The degree of proportionality in PR systems PR systems vary in their degree of proportionality. This is shaped by several factors: 1.The electoral threshold 2.District magnitude (how many members per district) 3.The technical electoral formula for allocating seats to votes
Electoral Thresholds The minimum percentage of the vote a party must win in order to have representation in parliament Germany requires that parties win 5% of the national vote or at least 3 constituency seats to be eligible to receive votes from the upper tier. – Turkey has a 10% threshold, while Poland has a 5% threshold for parties but an 8% threshold for coalitions. Pure PR: No electoral districts and no threshold: Since there is only one district in the Netherlands, there is a natural threshold of 0.67% of the votes i.e. 100% divided by 150 legislative seats. In Jan 2005, Iraq also opted for no districts and no thresholds (switched to districts in Dec 2005)
Side-Effects of Thresholds Can reduce the fragmentation of parliament into many parties, but can also produce majoritarian outcomes. In the Turkish legislative elections of 2002, so many parties failed to surpass the 10% threshold that fully 46% of all votes cast in these elections were wasted. Only two parties won seats. In 2007, only three parties won seats. AKP won 62% of seats with 47% of the vote. In the Polish legislative elections of 1993, fully 34% of the votes were wasted because of the 5% threshold for parties and 8% threshold for coalitions. In the Polish case, these wasted votes were crucial in allowing the former communists to return to power.

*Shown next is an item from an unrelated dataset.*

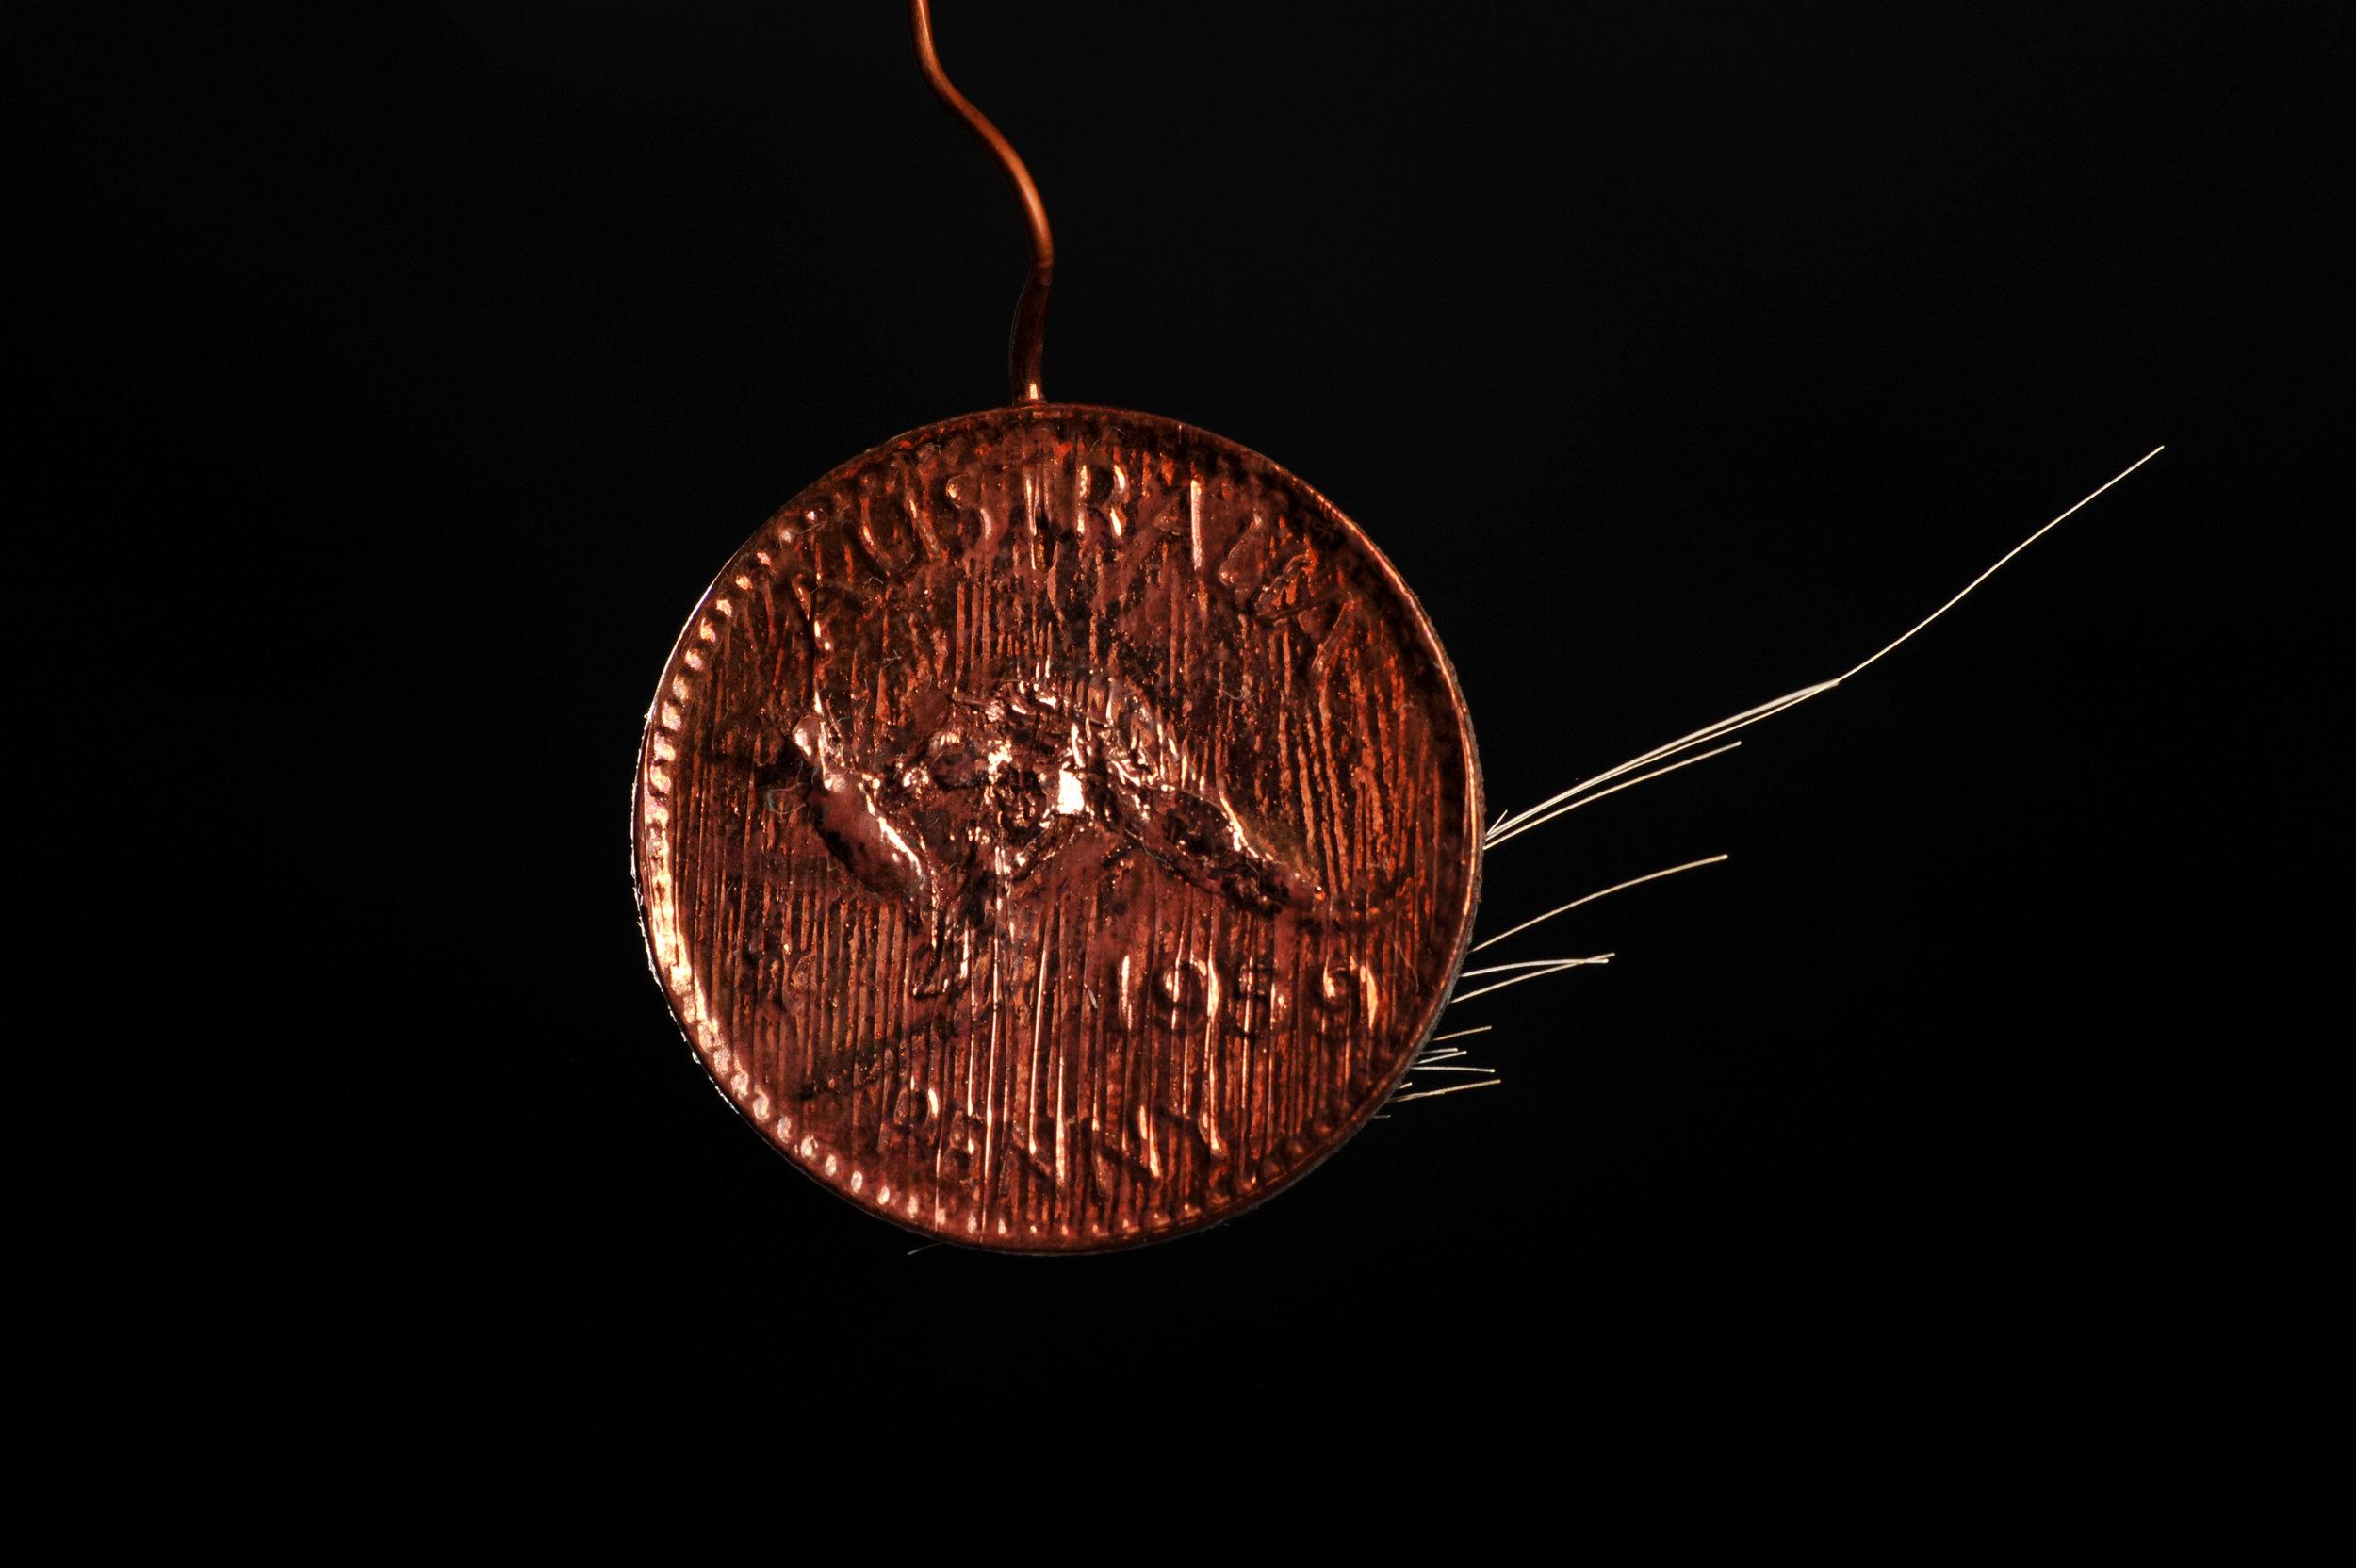 Copper penny 2

District Magnitude Average District Magnitude is the key characteristic that determines how proportional or permissive an electoral system will be. In PR systems, the bigger the district, the more proportional the system. In a three-seat district, a party would need to win +25% of the vote to guarantee getting a seat. In a nine-seat district, a party would need to win only +10% of the vote to get at least one seat. District magnitude: number of members elected from the district. One nationwide district in: Netherlands (150), Israel (120), Iraq-Jan 2005 (275).
District Magnitude cont. In Majoritarian systems, the bigger the district, the more disproportional the outcome. E.g.: U.S. States vs. Congressional districts. California has 2 Democrats elected to the Senate, but 33 Dems and 20 Repubs to Congress (in 2003).
Why Iraq needed and now has electoral districts Purely national lists privilege national-level ethnic and sectarian identities Districts give voters the option to vote for local notables and independent candidates Districts promote more local-level accountability in the voting decision Districts enable voters to know who their representatives are in Parliament (same problem in South Africa)
Two (or more) Tiered PR Systems Local tier: Divide the country up into districts of moderate size (e.g. 3 to 15 members). Most of the seats (e.g. 70-80%) are drawn from the districts. National tier: Then parties draw from national lists to top off their parliamentary delegations and achieve greater proportionality. Iraq system, Dec 2005: 230 district seats (based in provinces), 45 seats (16% of total) from national lists.